# Lighting Questions



## Aidan Morrison (Apr 26, 2018)

What is the best lighting for a 8x4x4 enclosure? For UVB and basking lights?


----------



## VenusAndSaturn (Apr 26, 2018)

This sort of depends on the surrounding temperatures, the substrate height, and how far the basking spot or spots is. 
Personally I'm going to be doing a 160 MVB surrounded by two halogen bulbs, most likely 75 watts to get it up to preferred temps, however I may have to get more halogen bulbs to reach the temperature. 

As for just UVB I'm still figuring that out myself, I'm pretty good with bearded dragons and knowing what UVB they need, and overall I know which UVB brands/types are good or bad but with tegus it sort of feels like an entirely different thing as I dont want to provide too much UVB or too less of UVB. 
However I personally will most likely be going for a Arcadia T8 12% (Would do T5 but the enclosure has T8 fixtures). Someone more experienced can tell you more on that however. 

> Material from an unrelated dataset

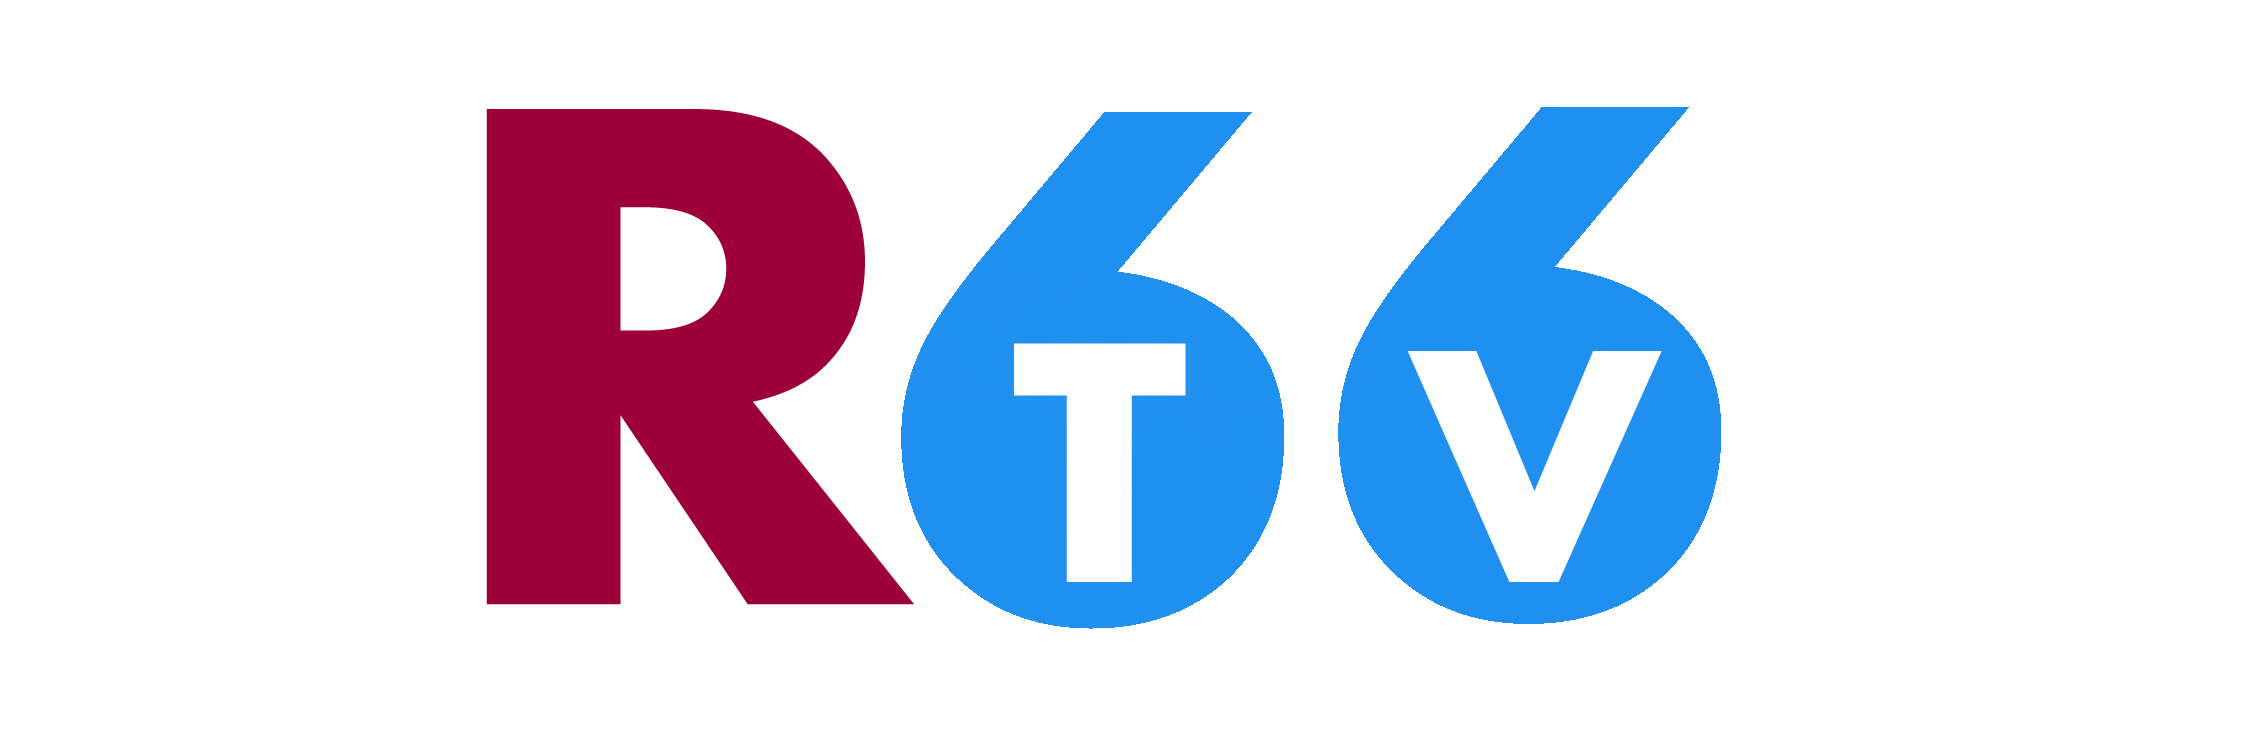 Rtv66 TV

As for MVB's I'd recommend the Megaray. It seems to work pretty good compared to a Exo Terra Solar glo. However I believe zoomeds powersun is also fairly good.


----------



## Aidan Morrison (Apr 26, 2018)

VenusAndSaturn said:


> This sort of depends on the surrounding temperatures, the substrate height, and how far the basking spot or spots is.
> Personally I'm going to be doing a 160 MVB surrounded by two halogen bulbs, most likely 75 watts to get it up to preferred temps, however I may have to get more halogen bulbs to reach the temperature.
> 
> As for just UVB I'm still figuring that out myself, I'm pretty good with bearded dragons and knowing what UVB they need, and overall I know which UVB brands/types are good or bad but with tegus it sort of feels like an entirely different thing as I dont want to provide too much UVB or too less of UVB.
> ...


Ok thanks, is there actually such thing as too much UVB light?


----------



## Skeep (Apr 26, 2018)

@VenusAndSaturn A 160W MVB Megaray bulb puts out A LOT of UV light, the distance from your tegu will need to be quite far (as it says on the packaging/website). You will not need a fluorescent bulb IMO, just one or the other.

@Aidan Morrison Yes definitely, you can have too much UVB. The effects are similar to sitting in the sun too long yourself! You can buy a solarmeter to make sure your basking area has the correct UVB for your tegu. There are some other good posts on this site for which one to buy and what an acceptable range is.


----------



## Aidan Morrison (Apr 26, 2018)

Skeep said:


> @VenusAndSaturn A 160W MVB Megaray bulb puts out A LOT of UV light, the distance from your tegu will need to be quite far (as it says on the packaging/website). You will not need a fluorescent bulb IMO, just one or the other.
> 
> @Aidan Morrison Yes definitely, you can have too much UVB. The effects are similar to sitting in the sun too long yourself! You can buy a solarmeter to make sure your basking area has the correct UVB for your tegu. There are some other good posts on this site for which one to buy and what an acceptable range is.


Ok one more thing, when I get a strip UVB bulb; should the bulb be only over the basking site or like in the middle of the enclosure so that the light is pretty much covering all the enclosure? To be honest I never truly understood that part.


----------



## Skeep (Apr 26, 2018)

Aidan Morrison said:


> Ok one more thing, when I get a strip UVB bulb; should the bulb be only over the basking site or like in the middle of the enclosure so that the light is pretty much covering all the enclosure? To be honest I never truly understood that part.



I don't think there is a best way, as long as your tegu can escape the UVB sometimes. I only have an MVB over the basking area, but honestly my tegu is always on her basking spot or in her hide anyway. So really, if there was UVB in the entire enclosure it would be the same for her. It might just come down to what's easier for you, and which puts the bulb at the right height.


----------



## Aidan Morrison (Apr 26, 2018)

Skeep said:


> I don't think there is a best way, as long as your tegu can escape the UVB sometimes. I only have an MVB over the basking area, but honestly my tegu is always on her basking spot or in her hide anyway. So really, if there was UVB in the entire enclosure it would be the same for her. It might just come down to what's easier for you, and which puts the bulb at the right height.


Ok thanks


----------